** Task statement **
If a line holds the word "Style", copy it from the entries.

** The input **
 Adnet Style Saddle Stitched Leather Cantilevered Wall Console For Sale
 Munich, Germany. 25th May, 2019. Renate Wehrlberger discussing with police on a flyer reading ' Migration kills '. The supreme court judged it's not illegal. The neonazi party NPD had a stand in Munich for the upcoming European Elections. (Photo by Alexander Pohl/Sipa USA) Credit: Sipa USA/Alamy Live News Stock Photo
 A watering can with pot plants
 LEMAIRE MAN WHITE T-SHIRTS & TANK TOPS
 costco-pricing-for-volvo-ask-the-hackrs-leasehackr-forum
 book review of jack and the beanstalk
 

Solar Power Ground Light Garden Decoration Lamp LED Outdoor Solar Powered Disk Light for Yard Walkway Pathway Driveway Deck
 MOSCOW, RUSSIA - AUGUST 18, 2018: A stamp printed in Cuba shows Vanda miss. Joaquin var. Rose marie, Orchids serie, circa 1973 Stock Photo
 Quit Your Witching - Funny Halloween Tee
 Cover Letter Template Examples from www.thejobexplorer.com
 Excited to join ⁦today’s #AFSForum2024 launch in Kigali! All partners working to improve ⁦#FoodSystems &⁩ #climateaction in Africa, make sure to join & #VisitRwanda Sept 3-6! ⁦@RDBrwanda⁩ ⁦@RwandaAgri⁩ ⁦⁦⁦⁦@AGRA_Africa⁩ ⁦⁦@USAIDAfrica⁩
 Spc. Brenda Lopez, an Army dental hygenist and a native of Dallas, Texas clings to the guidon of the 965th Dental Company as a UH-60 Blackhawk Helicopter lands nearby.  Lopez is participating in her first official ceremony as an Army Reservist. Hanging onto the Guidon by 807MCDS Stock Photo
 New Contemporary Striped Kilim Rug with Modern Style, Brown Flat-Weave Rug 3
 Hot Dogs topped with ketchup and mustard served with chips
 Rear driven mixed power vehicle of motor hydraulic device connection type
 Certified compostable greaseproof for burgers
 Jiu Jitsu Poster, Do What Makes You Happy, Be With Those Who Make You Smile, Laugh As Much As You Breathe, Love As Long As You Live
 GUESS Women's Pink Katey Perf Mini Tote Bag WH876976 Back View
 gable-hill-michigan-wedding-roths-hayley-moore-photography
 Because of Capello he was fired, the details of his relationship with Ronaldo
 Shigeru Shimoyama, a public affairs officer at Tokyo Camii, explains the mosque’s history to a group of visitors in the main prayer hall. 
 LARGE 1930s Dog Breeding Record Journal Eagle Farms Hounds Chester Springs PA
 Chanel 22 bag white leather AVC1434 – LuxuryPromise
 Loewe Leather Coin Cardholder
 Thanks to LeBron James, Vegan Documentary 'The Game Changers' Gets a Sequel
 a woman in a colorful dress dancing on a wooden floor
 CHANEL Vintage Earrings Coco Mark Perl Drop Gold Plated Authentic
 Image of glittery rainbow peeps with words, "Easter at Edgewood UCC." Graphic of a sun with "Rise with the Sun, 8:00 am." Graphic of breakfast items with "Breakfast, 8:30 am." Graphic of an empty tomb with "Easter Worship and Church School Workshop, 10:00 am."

** Written response **
 Adnet Style Saddle Stitched Leather Cantilevered Wall Console For Sale
 New Contemporary Striped Kilim Rug with Modern Style, Brown Flat-Weave Rug 3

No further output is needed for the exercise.